Here's what caught my attention. Palantir has been quietly building something for over two decades, but it really exploded when AI actually became a thing. Their software helps companies pull their data together, make sense of it, and actually do something useful with it. The real game-changer for them has been this AI Platform they built - AIP - which basically lets enterprises tap into large language models without reinventing the wheel. What's impressive is how they've shifted from being just a government contractor to having commercial business as a real growth engine now. And they're actually profitable while doing it, which is refreshing to see in this space.

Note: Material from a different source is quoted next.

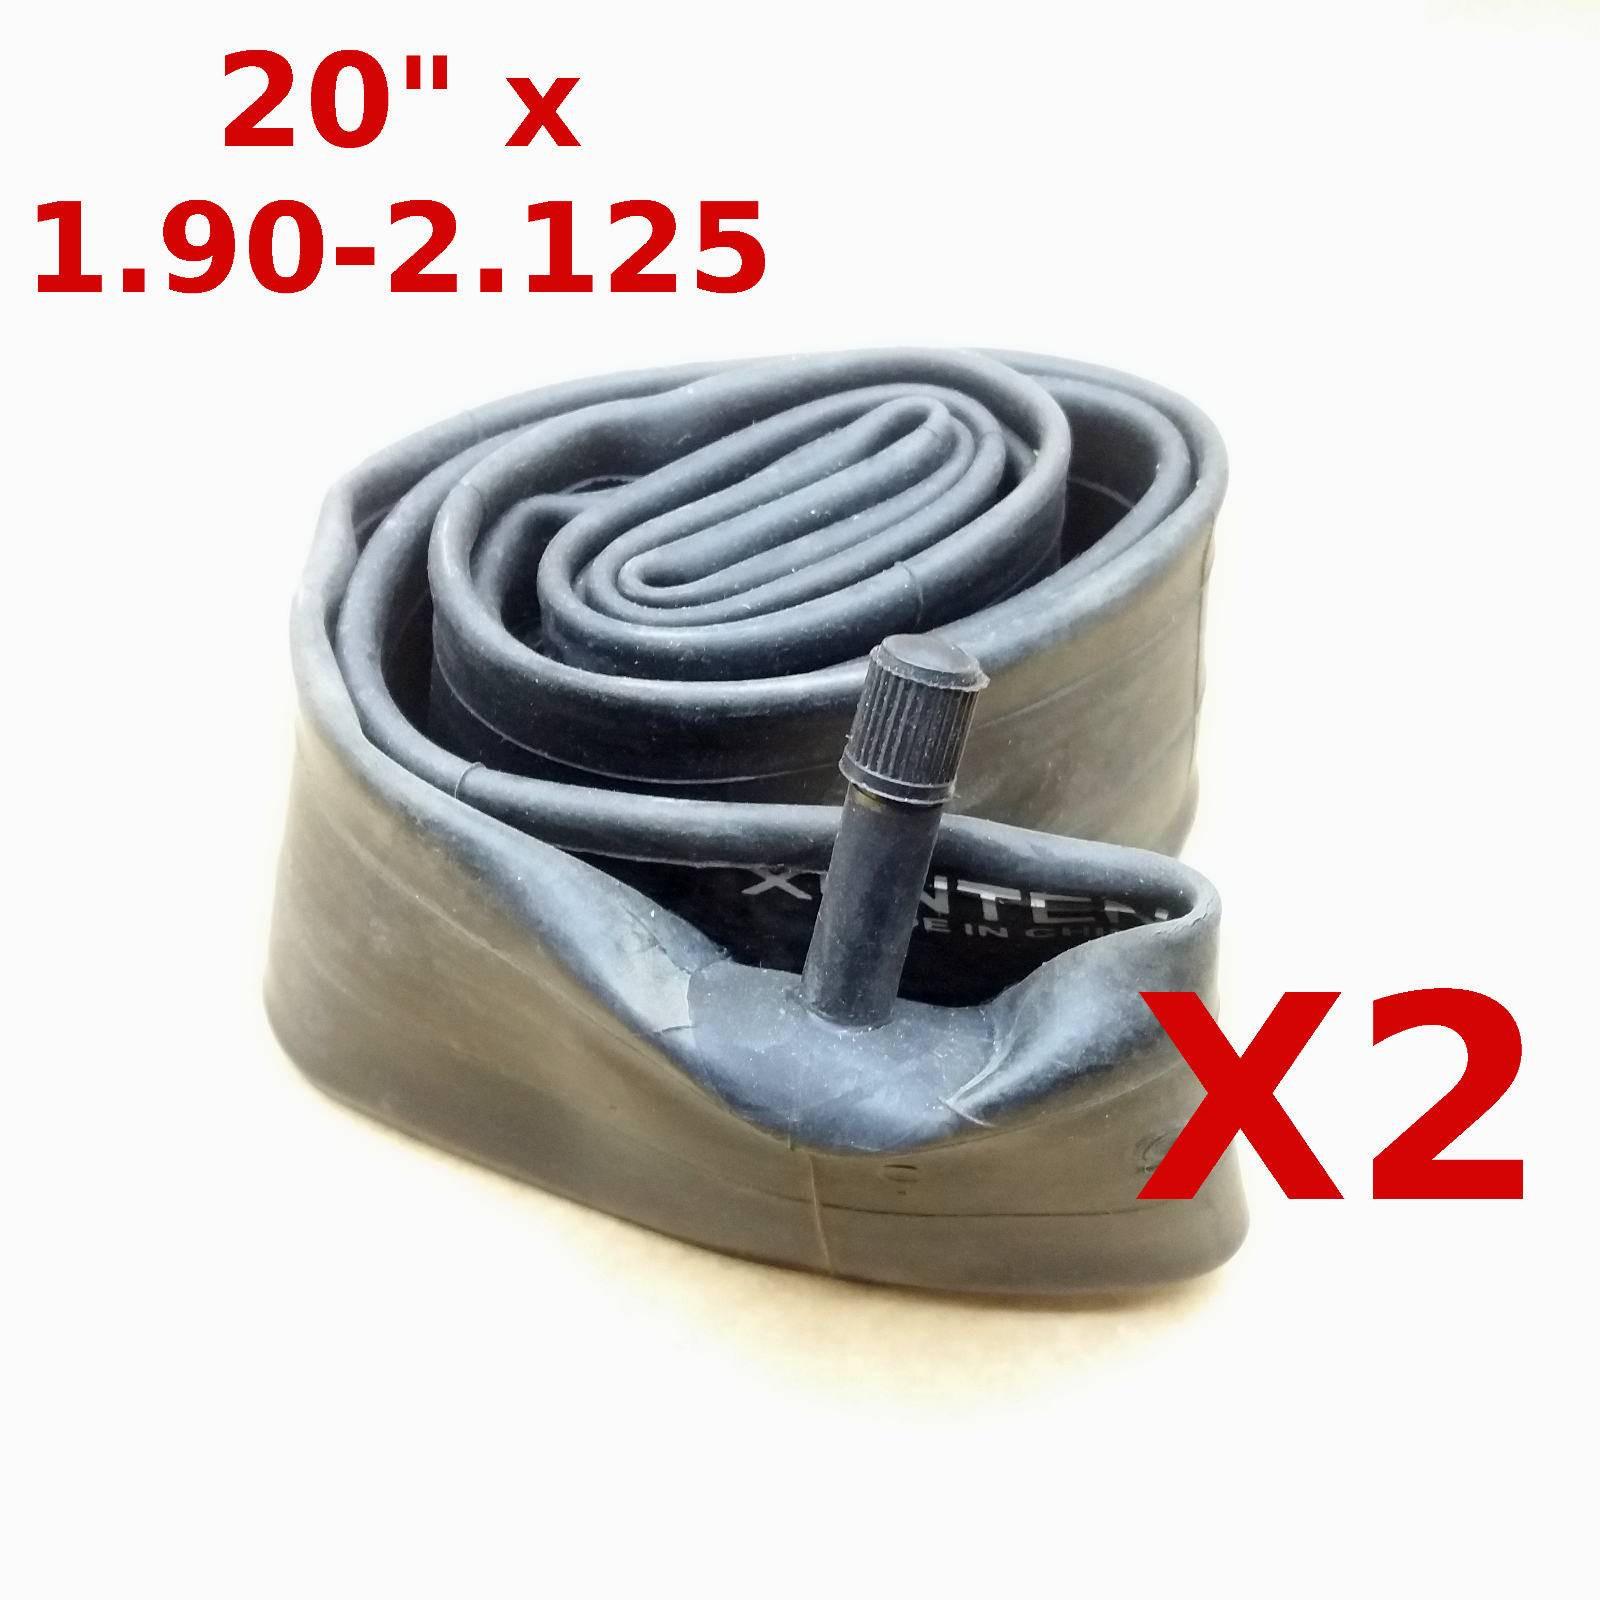 "2 X BICYCLE TUBES 20"" X 1.90 -2.125 SCHRADER VALVE"

CoreWeave is playing a different angle entirely. They basically rented out a massive pile of Nvidia GPUs and became the infrastructure play. Companies need compute power for AI workloads, CoreWeave provides it by the hour, and the demand has been absolutely insane. They hit 5 billion in annual revenue faster than any cloud company before them. The catch? They're spending like crazy to keep up - planning to double their capex to 30 billion next year. They're running hot on debt, losses are widening, but the backlog is 66 billion so clearly the market wants what they're selling.
Now here's where Wall Street gets interesting. The analysts are bullish on both, but they're more bullish on CoreWeave. Average price targets show about 27% upside for Palantir and 67% for CoreWeave over the next year. That's a pretty clear signal about which direction Wall Street is leaning.

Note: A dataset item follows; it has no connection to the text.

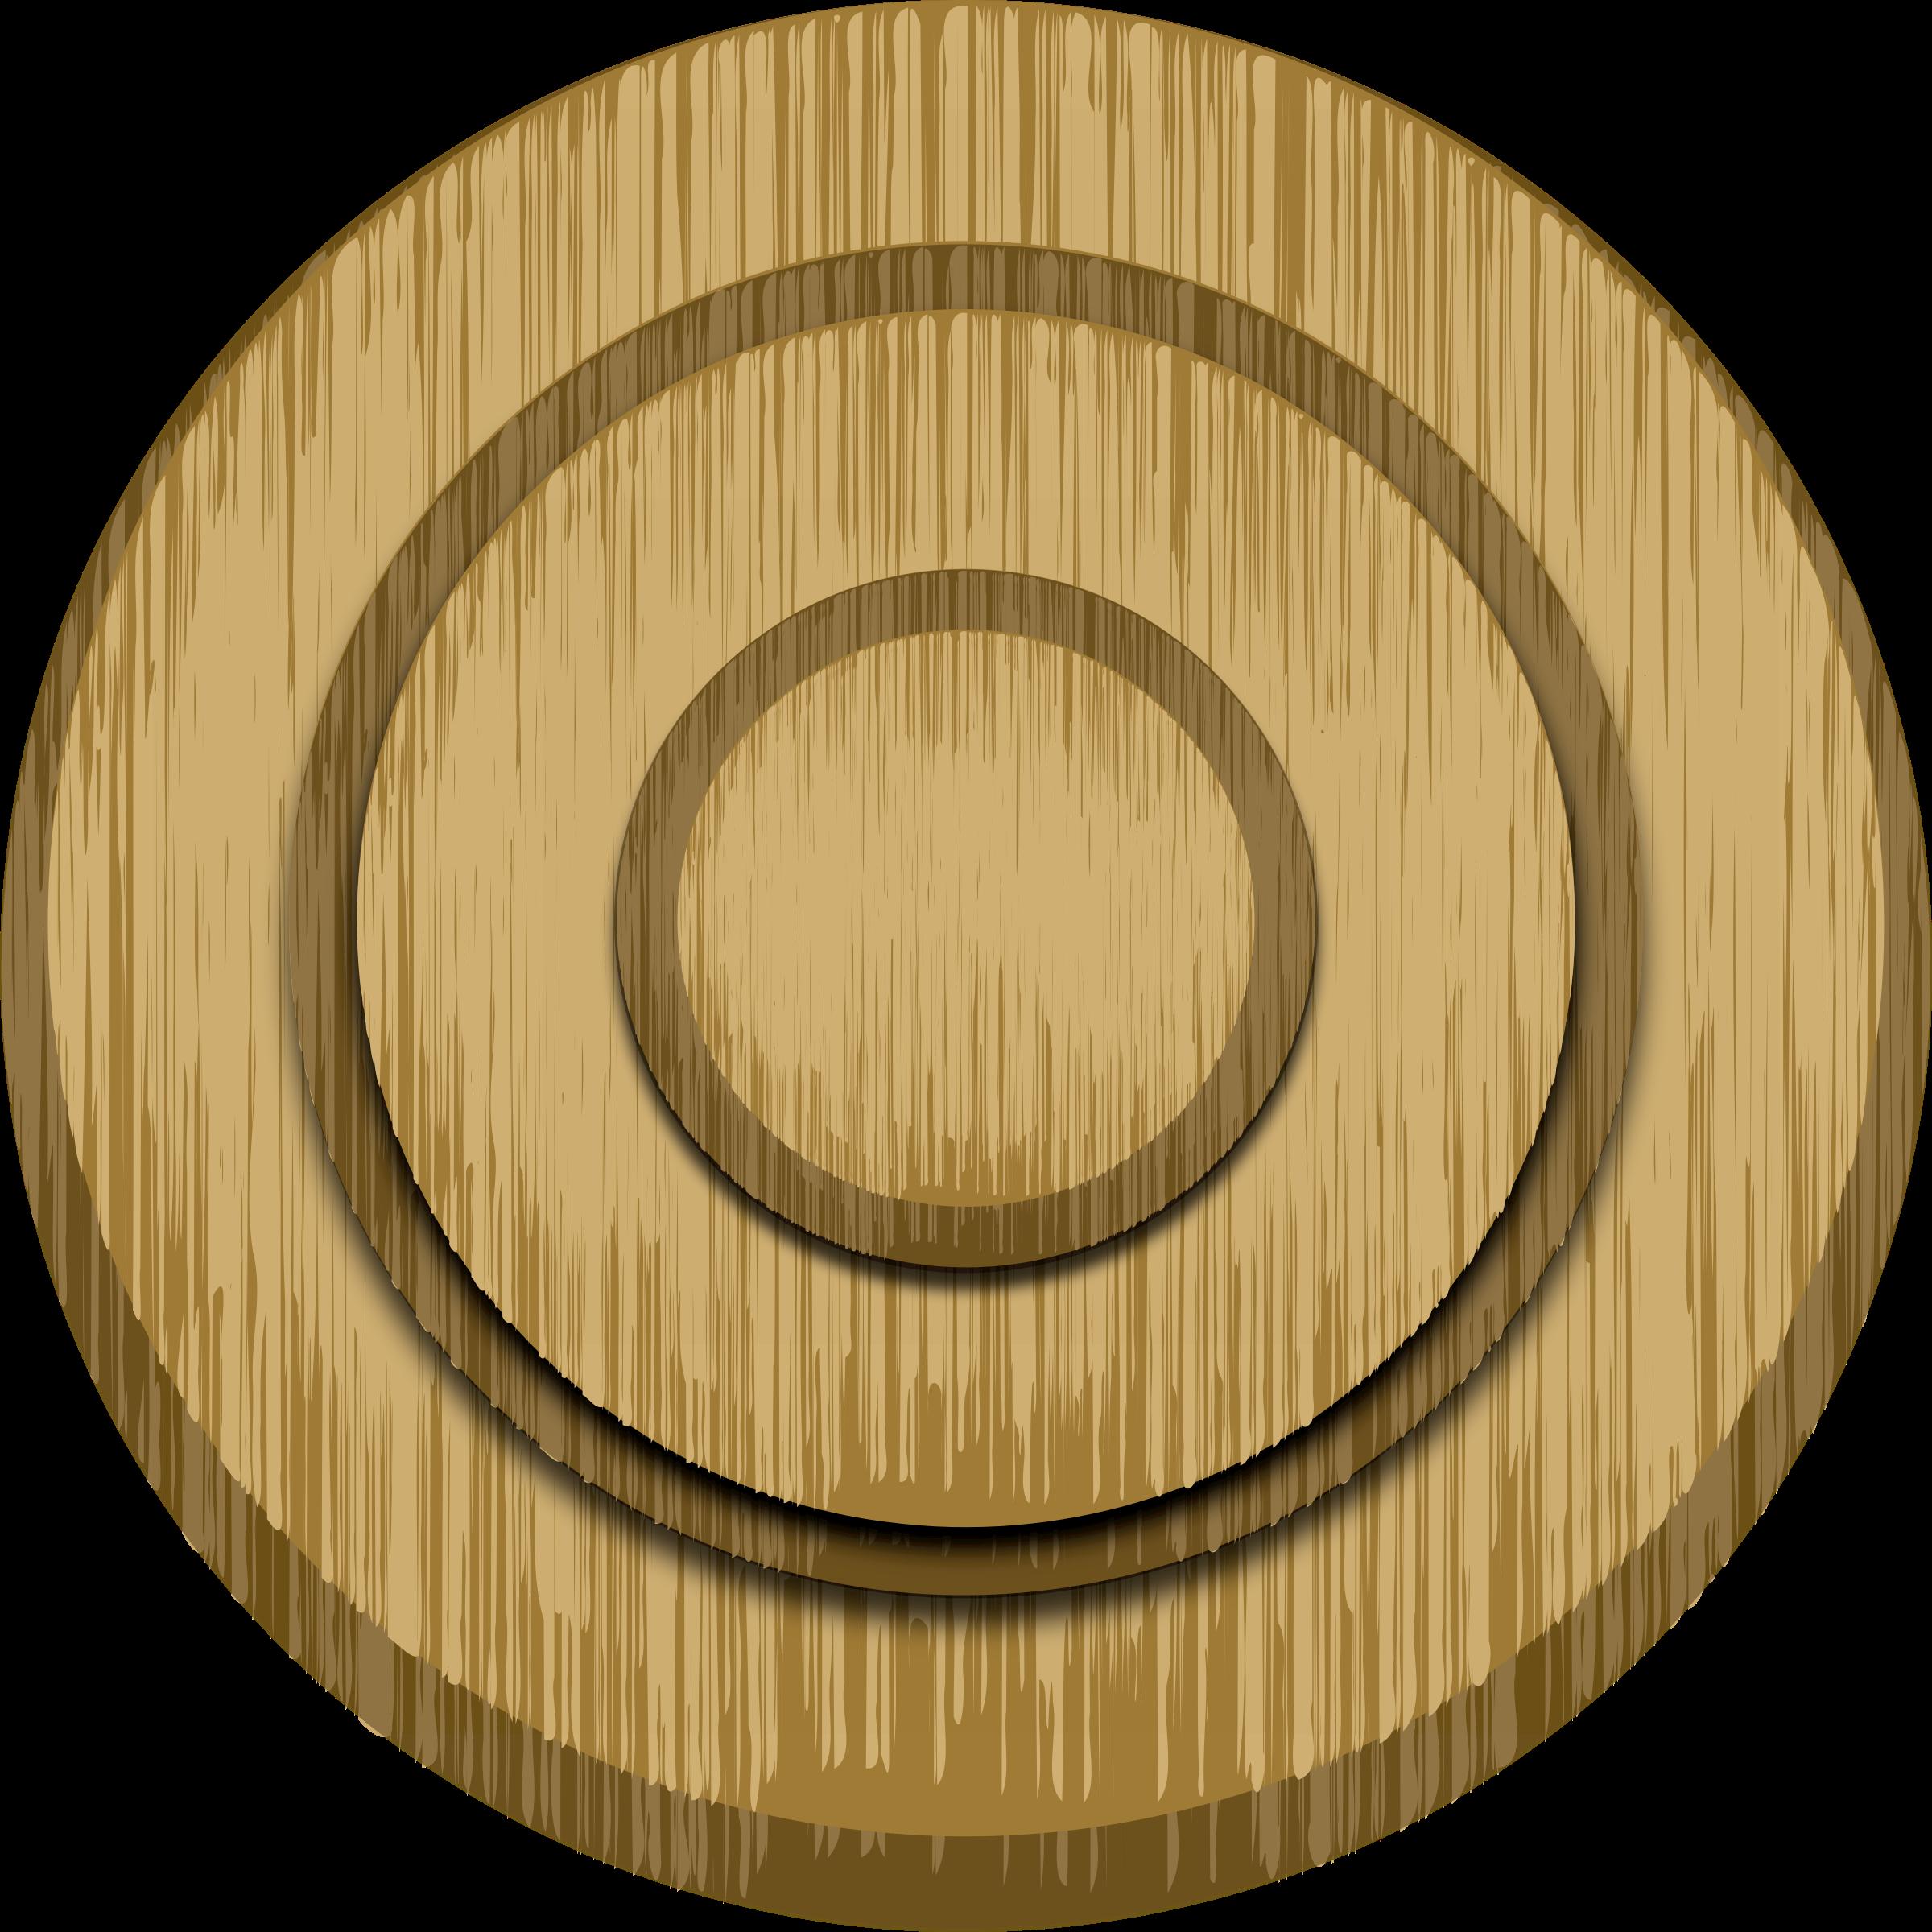 Firewood clipart fogata. Wood target

The trade-off comes down to risk profile, honestly. Palantir is the safer play - it's profitable, the valuation has come down from the ridiculous levels it hit before, and it's proven it can grow. CoreWeave is the aggressive bet - higher leverage, burning cash to fund growth, but potentially massive upside if they hit profitability. Wall Street seems to be saying the upside potential makes CoreWeave worth the risk right now, but that doesn't mean it's right for everyone.
If you're the type who sleeps fine with volatility, CoreWeave's growth trajectory might be too good to pass up. If you prefer companies that are already profitable and have a track record, Palantir probably feels less stressful. Either way, these aren't boring dividend stocks - they're momentum plays in the AI infrastructure race.